-------- Collected material
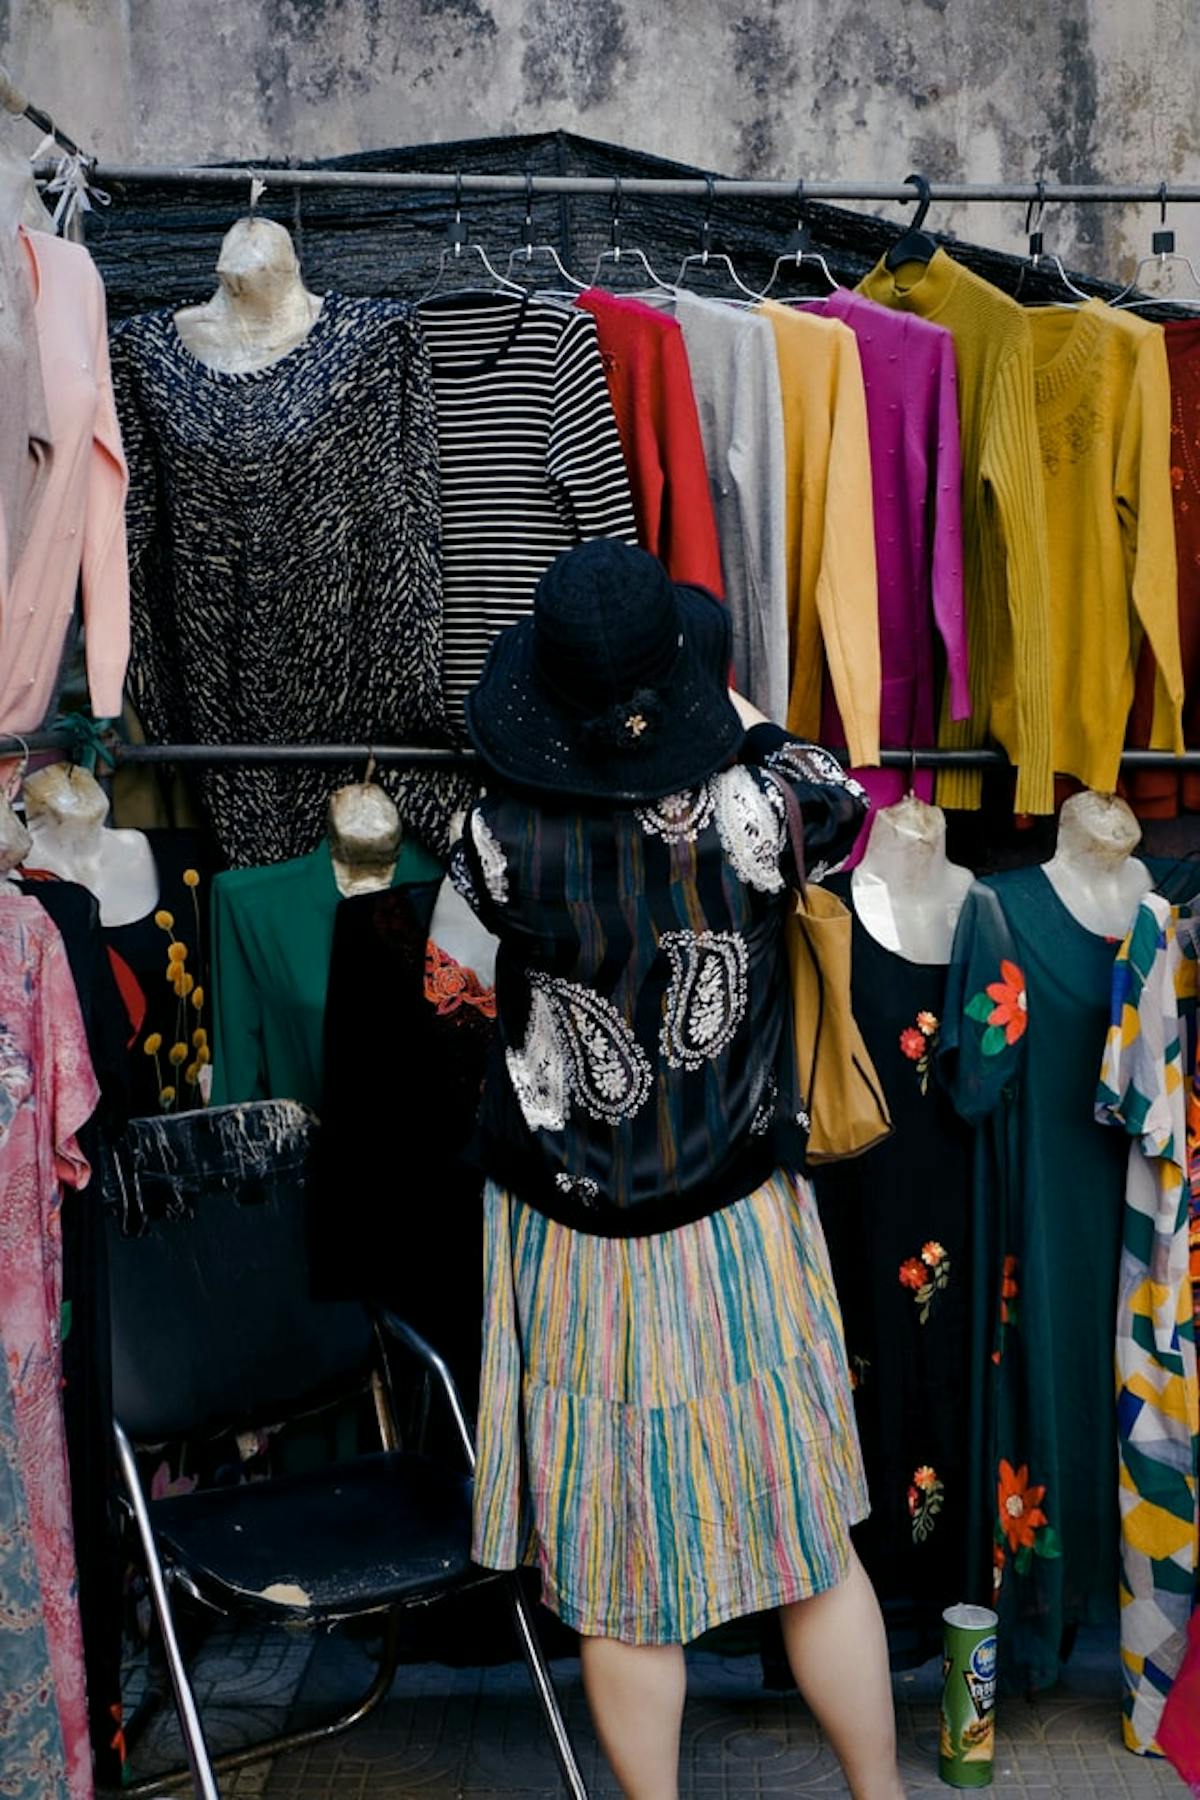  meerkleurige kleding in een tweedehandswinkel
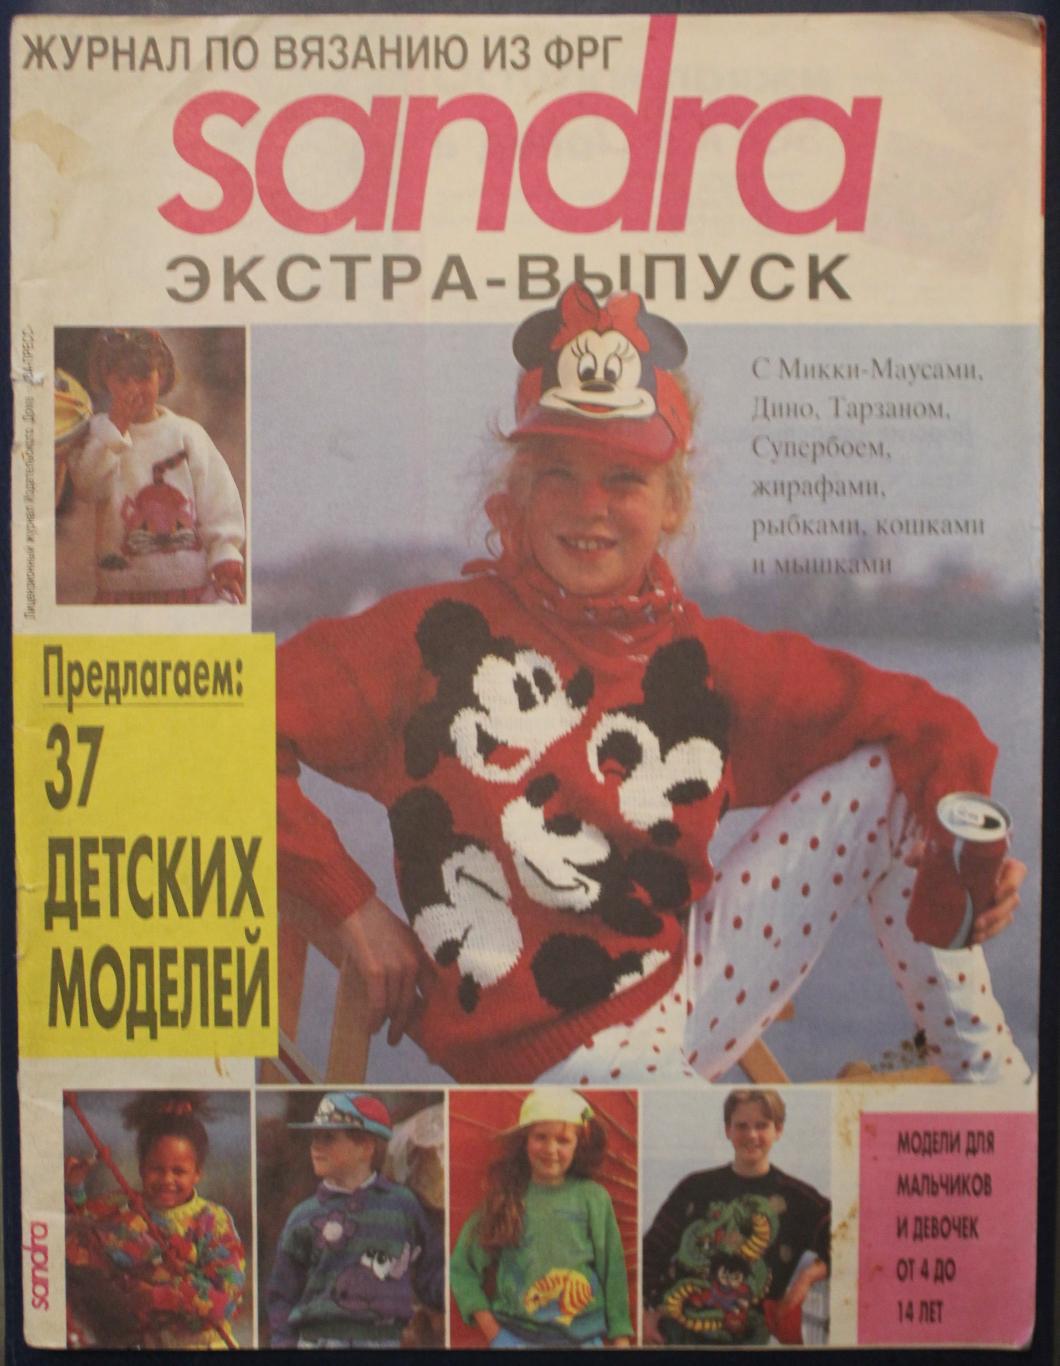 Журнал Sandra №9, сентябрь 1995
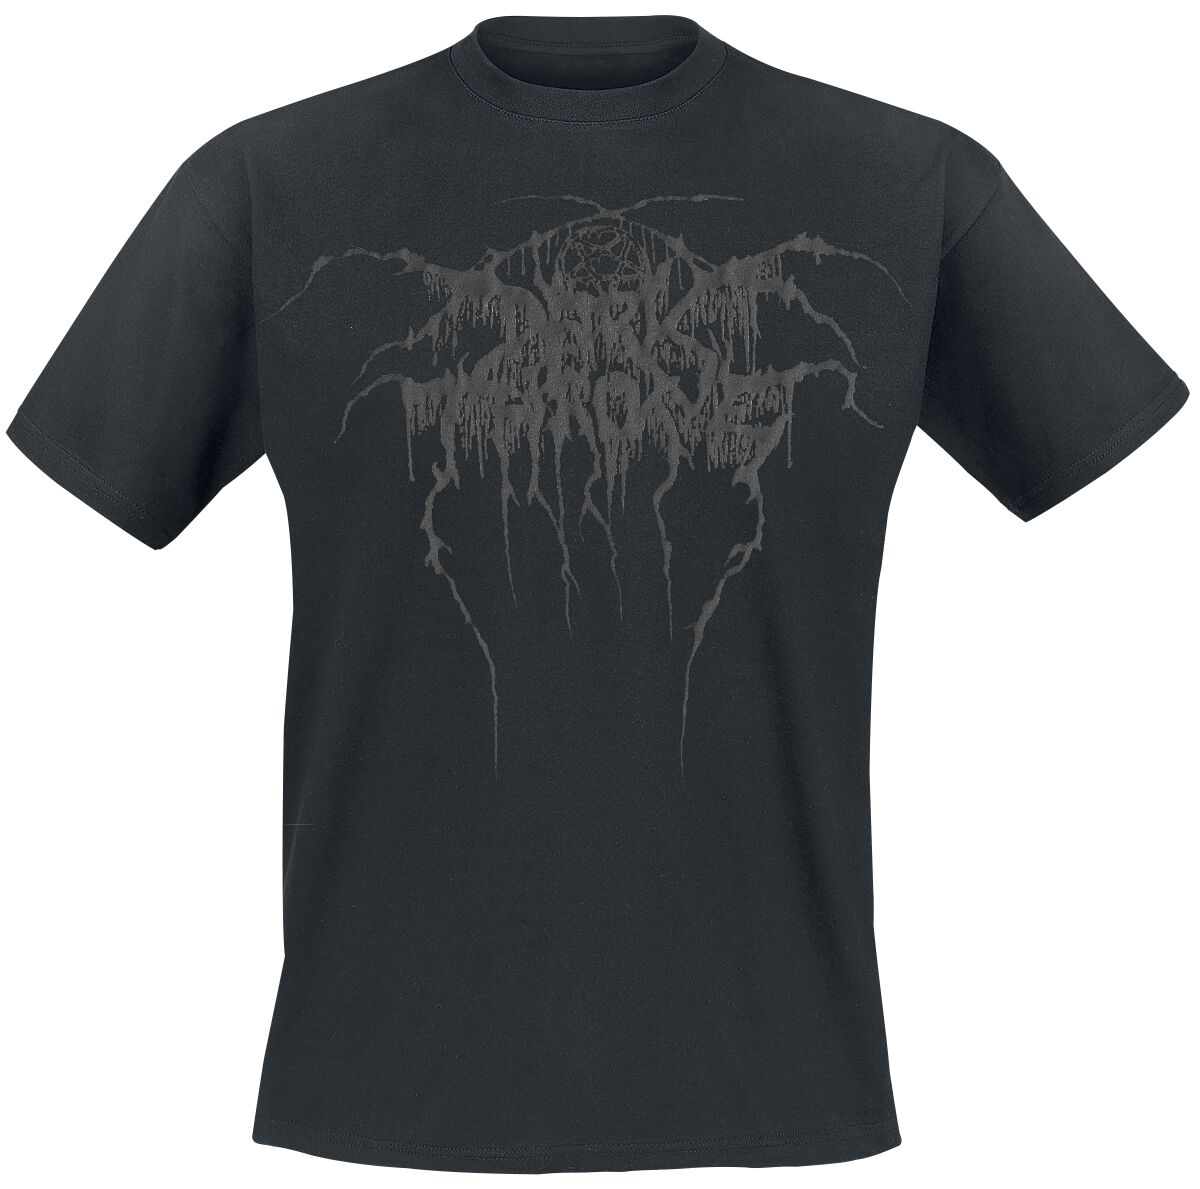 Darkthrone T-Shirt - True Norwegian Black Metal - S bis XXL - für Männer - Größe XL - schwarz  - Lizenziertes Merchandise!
----------------
■ **What the exercise asks**
The listing above must be retyped word for word, without the pictures.

■ **Result of the task**
  meerkleurige kleding in een tweedehandswinkel
 Журнал Sandra №9, сентябрь 1995
 Darkthrone T-Shirt - True Norwegian Black Metal - S bis XXL - für Männer - Größe XL - schwarz  - Lizenziertes Merchandise!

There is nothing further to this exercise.